Descriptions, Reviews, Etc.
Publisher Description:
According to Marx, the family is the primal scene of the division of labor and the "germ" of every exploitative practice. In this insightful study, Jacob Emery examines the Soviet Union's programmatic effort to institute a global siblinghood of the proletariat, revealing how alternative kinships motivate different economic relations and make possible other artistic forms.

A time in which literary fiction was continuous with the social fictions that organize the social economy, the early Soviet period magnifies the interaction between the literary imagination and the reproduction of labor onto a historical scale. Narratives dating back to the ancient world feature scenes in which a child looks into a mirror and sees someone else reflected there, typically a parent. In such scenes, two definitions of the aesthetic coincide: art as a fantastic space that shows an alternate reality and art as a mirror that reflects the world as it is.
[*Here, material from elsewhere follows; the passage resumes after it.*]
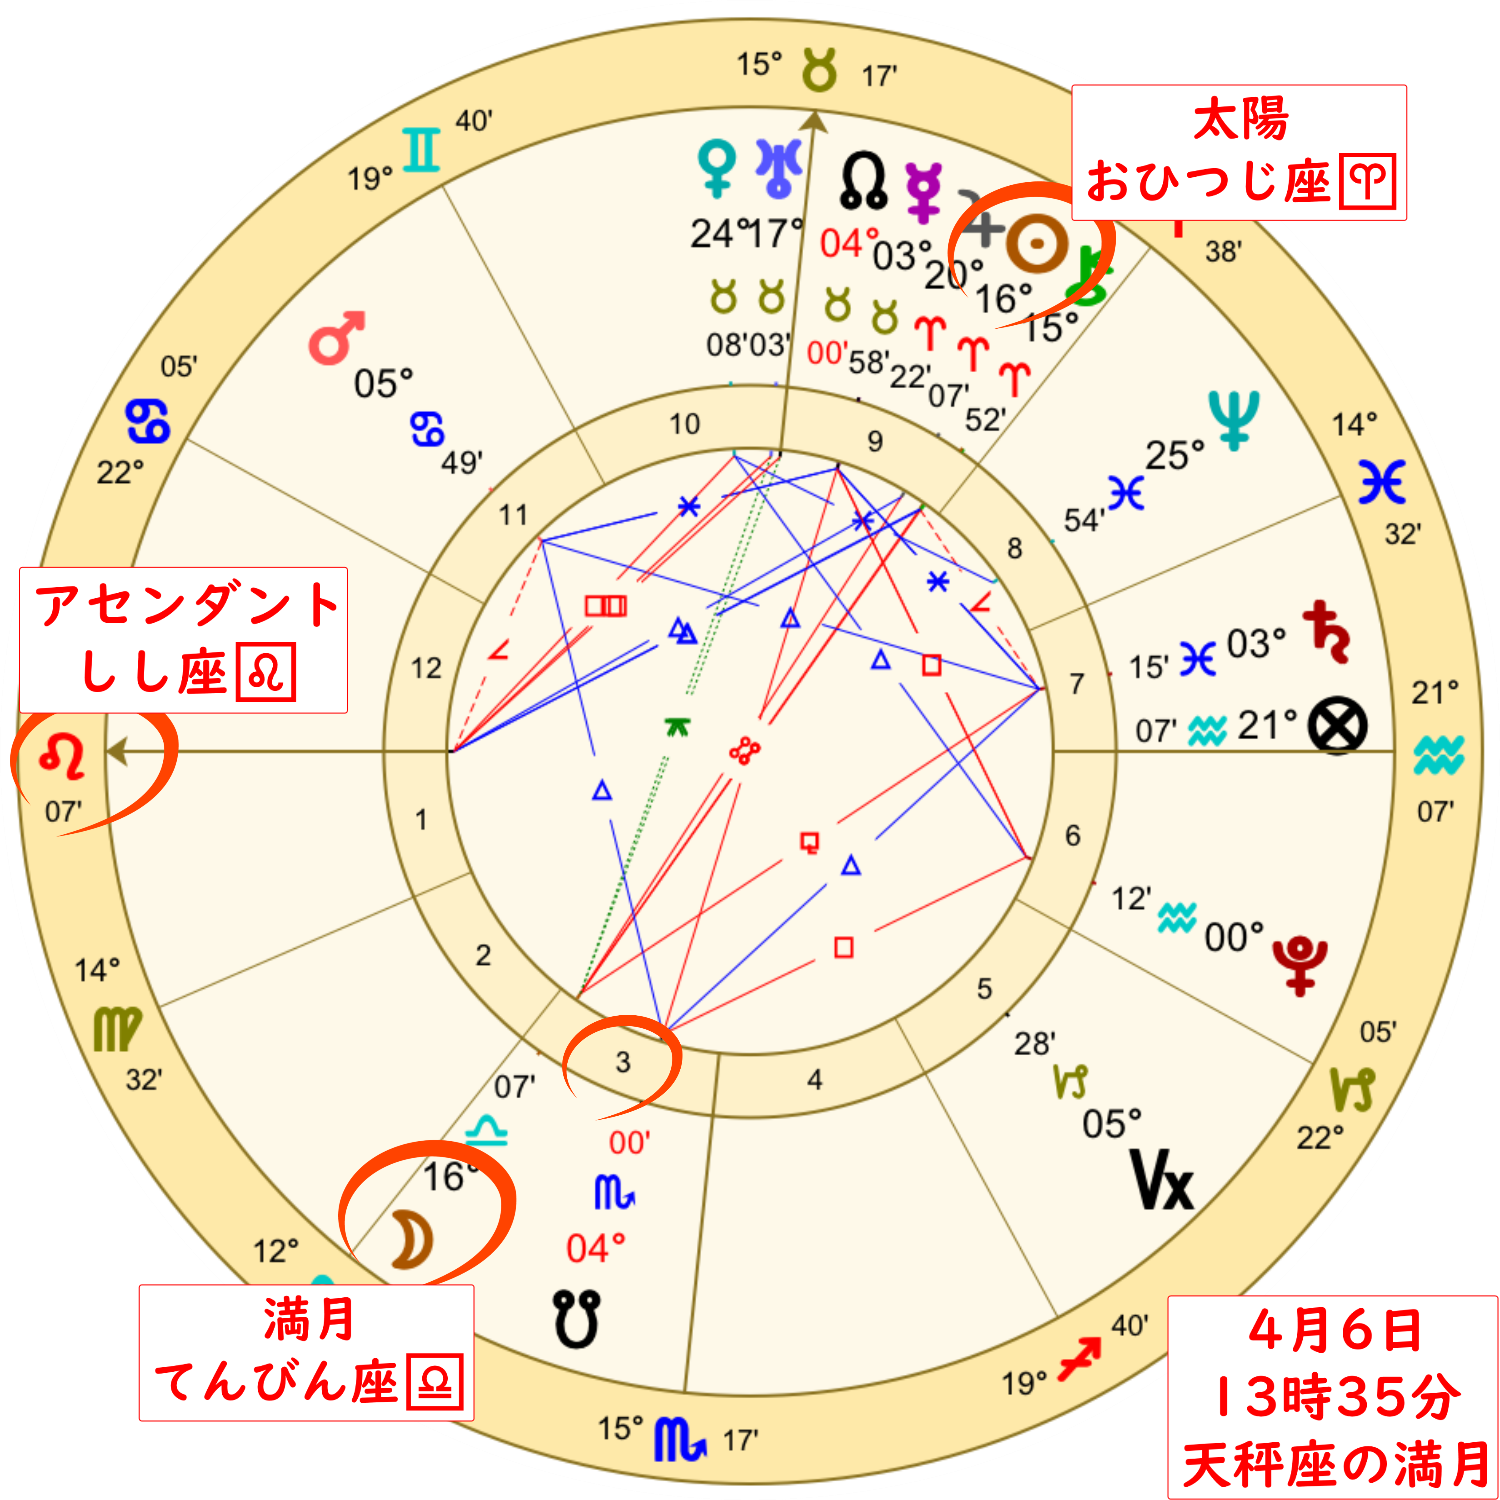 4月6日の天秤座の満月のホロスコープ解説画像

In early Soviet literature, mirror scenes illuminate the intersection of imagination and economy, yielding new relations destined to replace biological kinship-relations based in food, language, or spirit.

These metaphorical kinships have explanatory force far beyond their context, providing a vantage point onto, for example, the Gothic literature of the early United States and the science fiction discourses of the postwar period. Alternative Kinships will appeal to scholars of Russian literature, comparative literature, and literary theory, as well as those interested in reconciling formalist and materialist approaches to culture.